Coal pits have sometimes taken fire by accident, and have continued to burn for a considerable length of time. About the year 1648, a coal mine at Benwell, a village near Newcastle-upon-Tyne, was accidentally kindled by a candle: at first the fire was so feeble, that a reward of half a crown, which was asked by a person who offered to extinguish it, was refused. It gradually increased, however, and had continued burning for thirty years, when the account was drawn up and published in the Philosophical Transactions: it was not finally extinguished until all the fuel was consumed. Examples of a similar kind have happened in Scotland and in Germany.
But of all the recorded accidents relative to coal mines, that of Felling colliery, near Sunderland, a concise narrative of which here follows, was the most disastrous.
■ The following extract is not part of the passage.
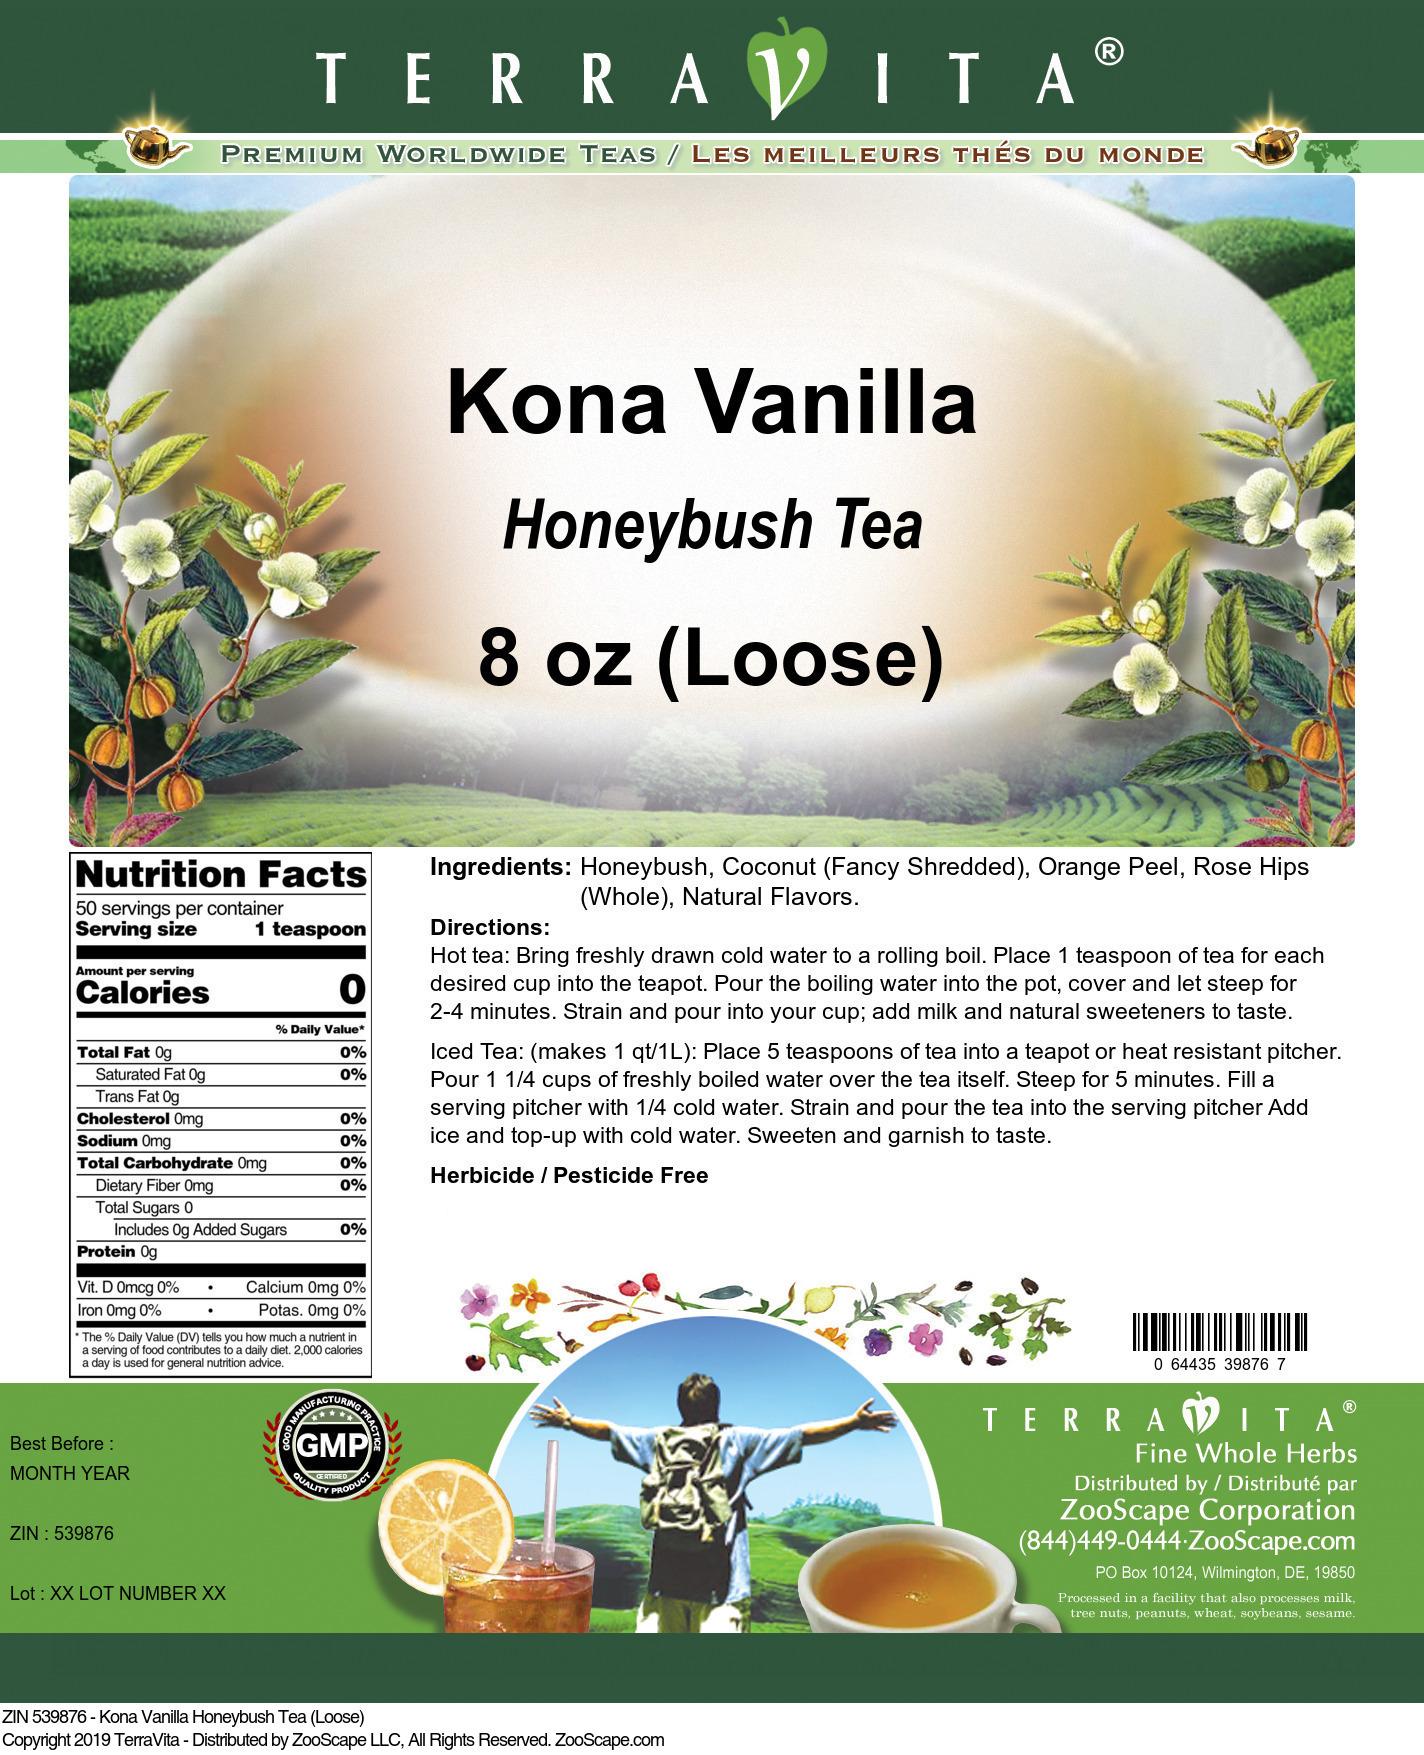 Kona Vanilla Honeybush Tea (Loose)
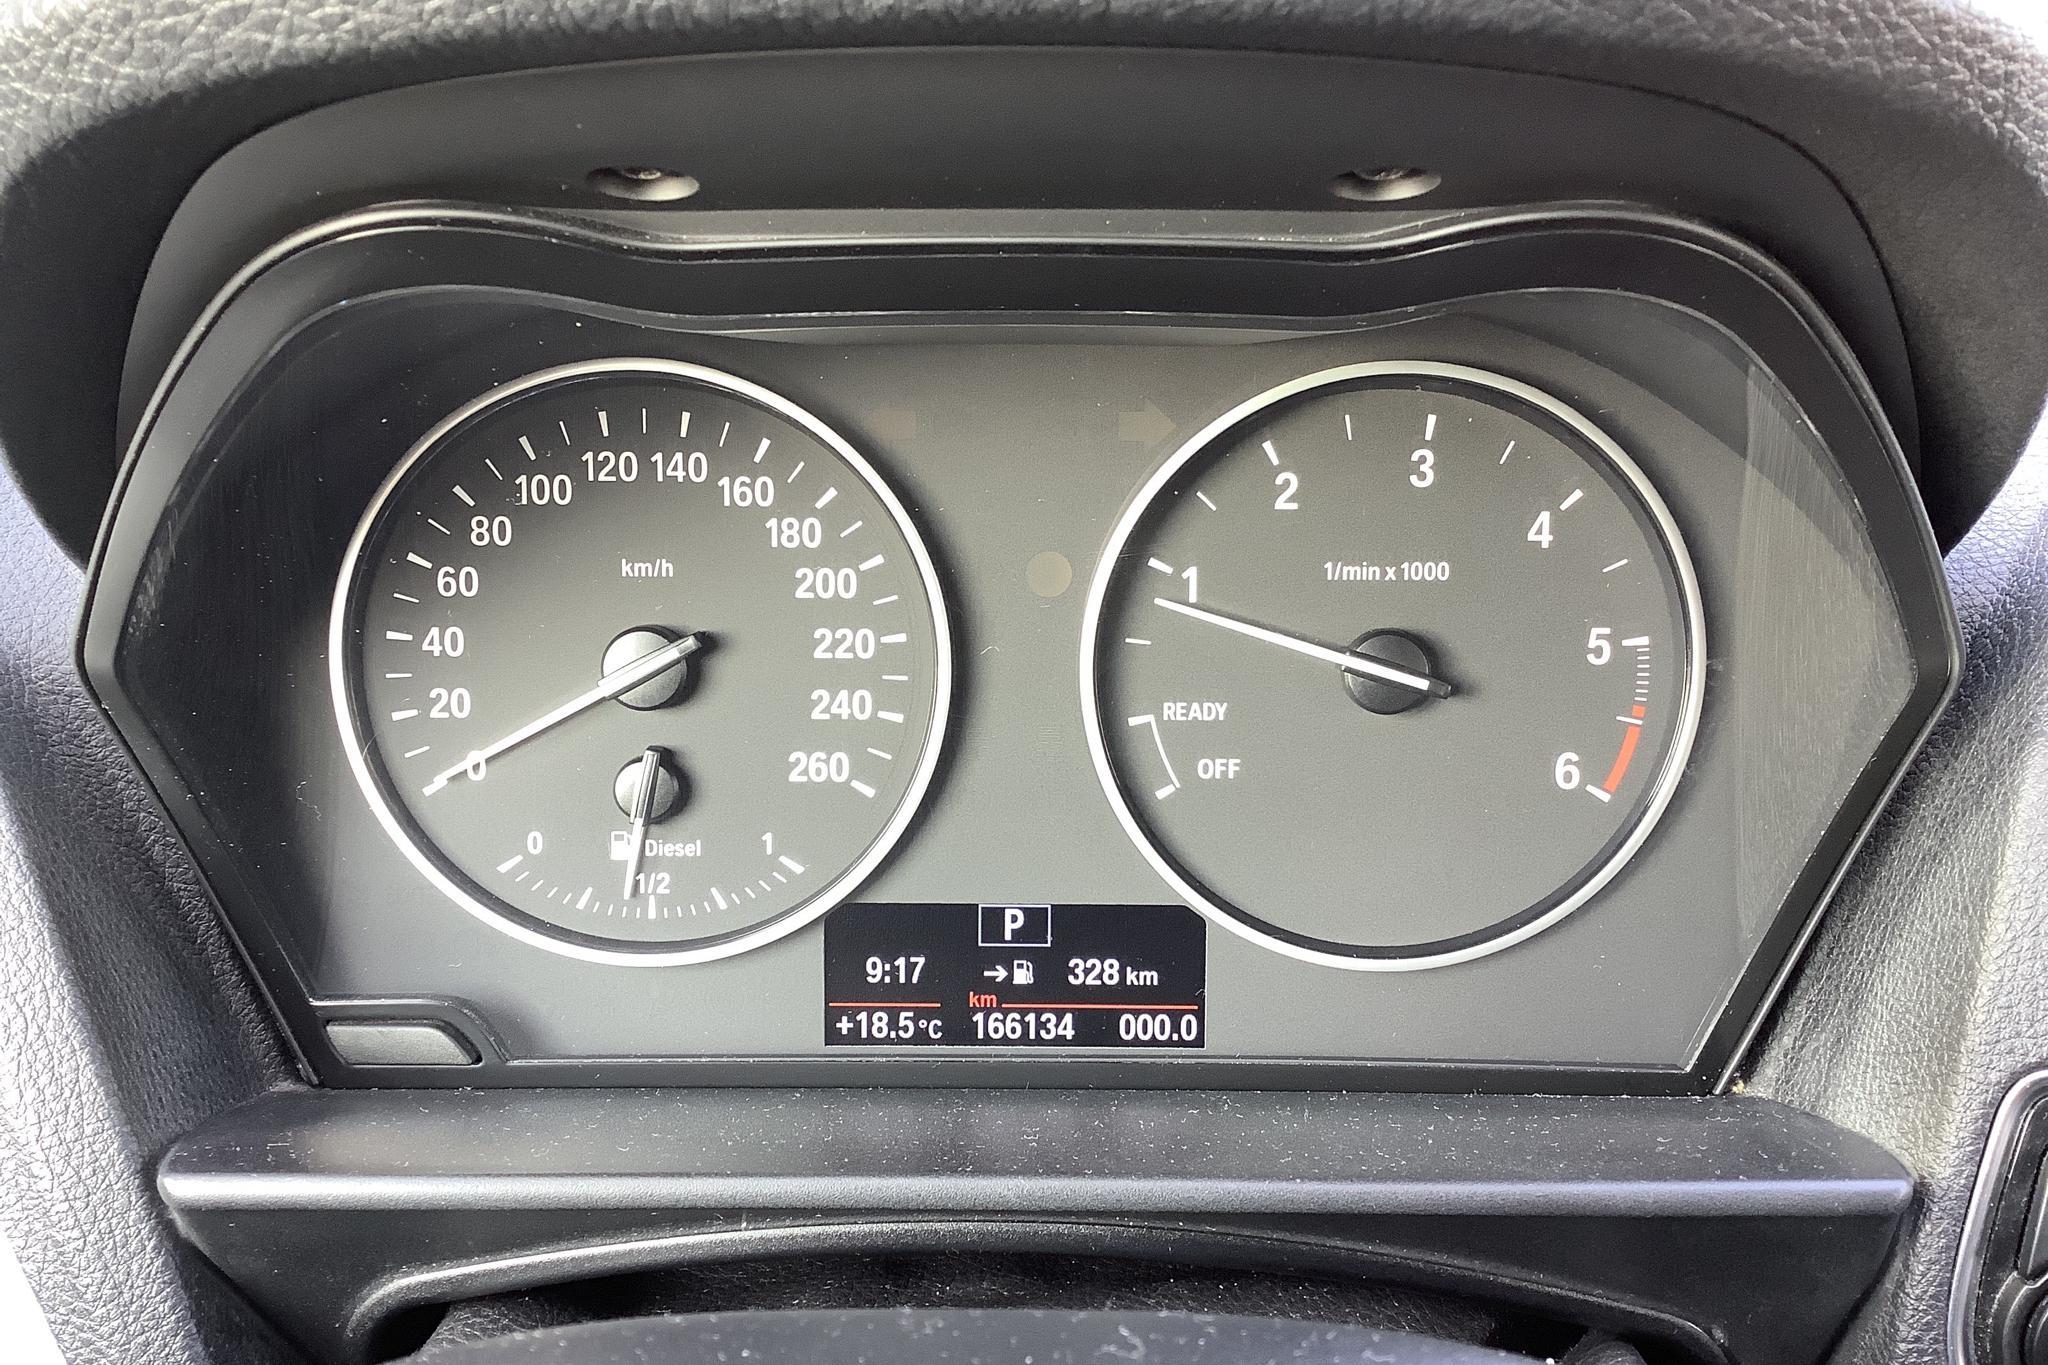 BMW 118d 5dr, F20 (143hk) - 16 614 mil - Automat - svart - 2012

Felling is a manor about a mile and a half east of Gateshead. It contains several strata of coal, the uppermost of which were extensively wrought in the beginning of the last century. The stratum called the high-main, was begun in 1779, and continued to be wrought till the nineteenth of January, 1811, when it was entirely excavated. The present colliery was in the seam called the low-main. It commenced in October, 1810, and was at full work in May, 1812. This mine was considered by the workmen as a model of perfection in the purity of its air, and orderly arrangements; its inclined plane was saving the daily expense of at least thirteen horses; the concern wore the features of the greatest possible prosperity, and no accident, except a trifling explosion of fire-damp, slightly burning two or three workmen, had occurred. Two shifts, or sets of men, were constantly employed, except on Sundays. Twenty-five acres of coal had been excavated. The first shift entered the mine at four o’clock, A. M., and were relieved at their working-posts by the next at eleven o’clock in the morning. The establishment employed under ground, consisted of about one hundred and twenty-eight persons, who, from the eleventh to the twenty-fifth of May, 1812, wrought six hundred and twenty-four scores of coal, equal to thirteen hundred Newcastle, or twenty-four hundred and fifty-five London chaldrons.
About half past eleven o’clock, on the morning of the twenty-fifth of May, 1812, the neighboring villages were alarmed by a tremendous explosion in this colliery. The subterraneous fire broke forth with two heavy discharges from the low-main, which were almost instantaneously followed by one from the high-main. A slight trembling, as from an earthquake, was felt for about half a mile around the workings; and the noise of the explosion, though dull, was heard to three or four miles’ distance, and much resembled an unsteady fire of infantry. Immense quantities of dust and small coal accompanied these blasts, and rose high into the air, in the form of an inverted cone. The heaviest part of the ejected matter, such as corves, pieces of wood, and small coal, fell near the pits; but the dust, borne away by a strong west wind, fell in a continued shower from the pit to the distance of a mile and a half. As soon as the explosion was heard, the wives and children of the workmen ran to the pit; the scene was distressing beyond the power of description.